For a Postdoc you have to keep in mind that you have to make a career choice, you have to try out where you want to be. You have to publish papers if you want to go into academia and, and, and. I think for a Postdoc, the most important criterion is the quality of the mentor. It is not the field and not the technique, it is not the location; It is the quality of the mentor! That is crucial for the chances of success in the long term.
"DON’T GET MARRIED TO YOUR PROJECTS.
GO FOR A QUICK DIVORCE."
For the students, what I think is more important than the quality of the mentor, even is the environment. The people you are going to deal with all along. It is of course important to have a good mentor, but it is more important – I think – whom you are going to work with and what the intellectual environment is. What other influences you can have.
For example, the most important thing for students is to learn how to read papers. That has become even more important than it used to be. When you had a certain journal, the papers were generally reliable. And I think this is not true anymore. Many papers that are published these days that are just bullshit. So it is much more important to actually judge a paper, to learn how to evaluate the science in it. This is something you have to learn as a student.
What are your criticisms of the current scientific system?
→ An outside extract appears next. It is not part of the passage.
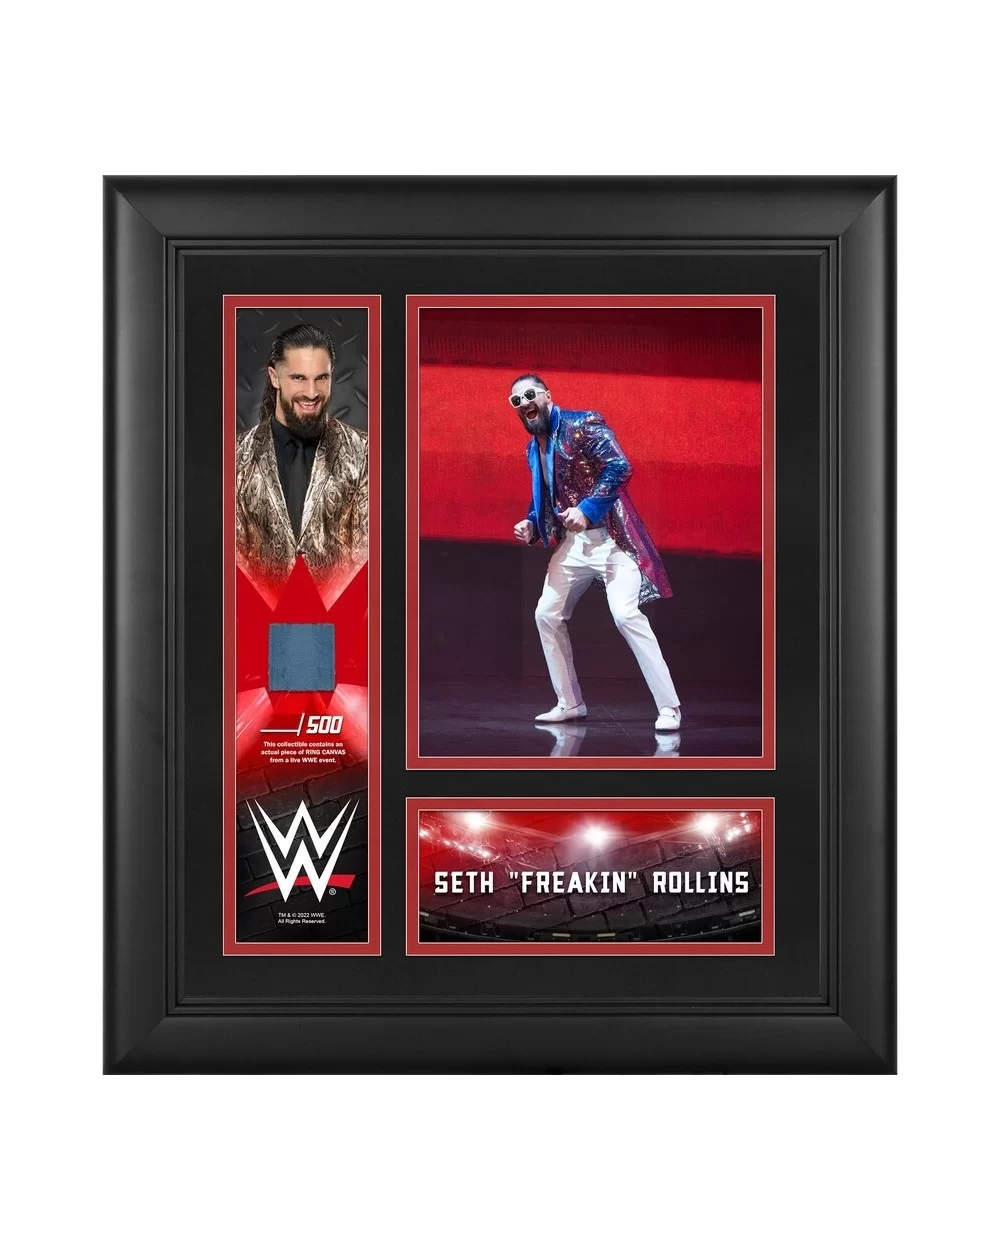 Seth "Freakin" Rollins Framed 15" x 17" Collage with a Piece of Match-Used Canvas - Limited Edition of 500 $24.64 Home & Office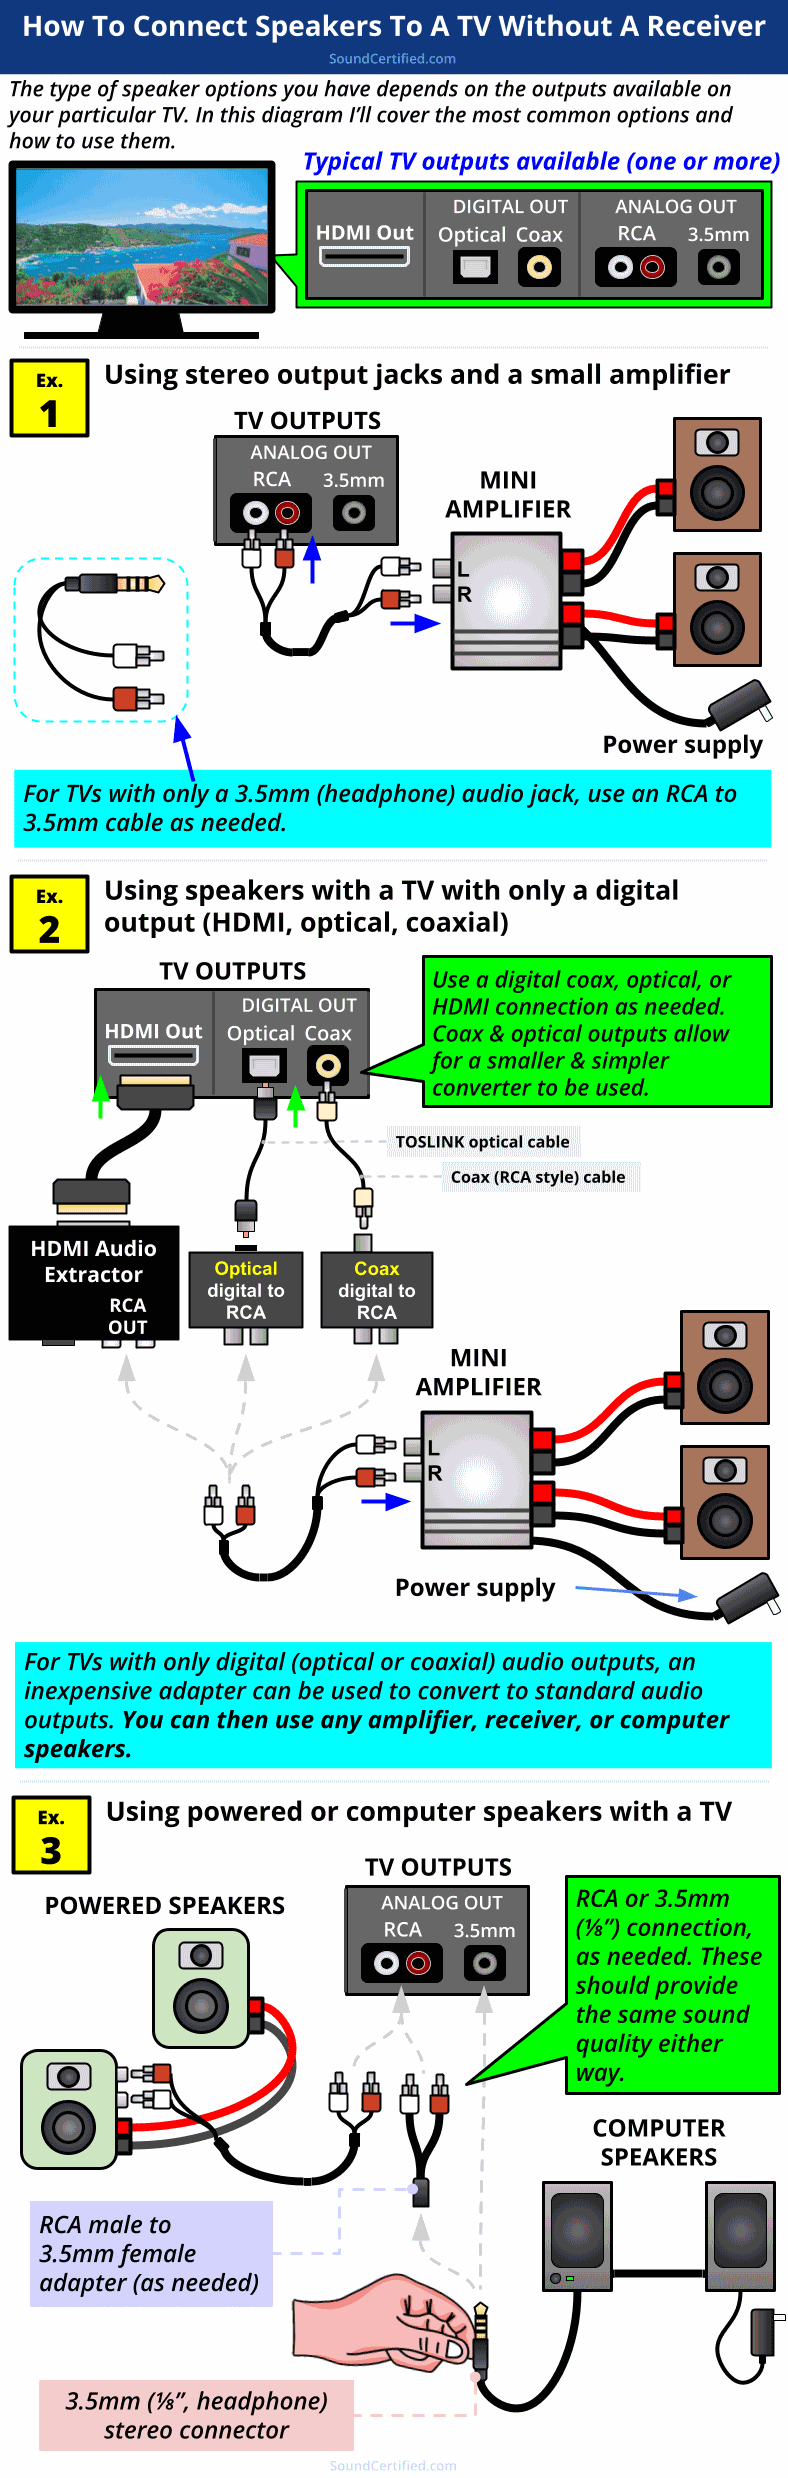 how to connect speakers to TV without receiver diagram

We live in a time where the high impact journals are really no longer truly peer-reviewed. Let’s face it. That is the problem. They are not peer-reviewed because the selection of what articles to send out for review in the first place is so stringent that the peer-review afterwards for the few papers that are sent out. I think it depends on the selection of the reviewers before the papers. You could say that the system is broken. So in view of this, the most important goal should be to find the best possible avenue to bring the paper to your readers. Because it doesn’t really matter that much if the journal has a high or low impact. Personally, I think the journal of neuroscience is just as good as long as it can really provide a story in a sense that represents progress.
What would you change about the scientific publication process?
I would change many things. I would take away the power of the editors. I would solve the issue of free access and all this stuff by having people pay for submission of papers. The current system is you can send your stuff anywhere you want. You only have to pay if it is accepted. That is a bad system because predatory journals will accept anything because they want to be paid, right? Serious journals get thousands and thousands of papers that are not really serious. That provides a kind of pretend reason for editorial selection.
What really should happen and what happens in Journal of Neuroscience is that anyone who submits a paper has to pay submission fees that will cover the cost of a well-evaluated paper. And that would cut out a lot of frivolous articles. I also think that we need a mechanism to evaluate editors of journals. I think journal editors have zero accountability. I was shocked by the responses of the journals when it turns out that papers are wrong, faked or irreproducible. Journal editors usually blame the reviewers. But they selected the reviewers. They evaluated the reviews. And therefore, it really should be the journal editors who are to blame and not the reviewers. The reviewers are just the pretence.
Thank you very much for the interview! Earning the Nobel Prize really shows that you are so dedicated to your work. Do you have a last advice for young scientists how to stay equally focussed and disciplined in their research?
I don’t feel disciplined. I just enjoy what I do! I don’t have any discipline (laughing).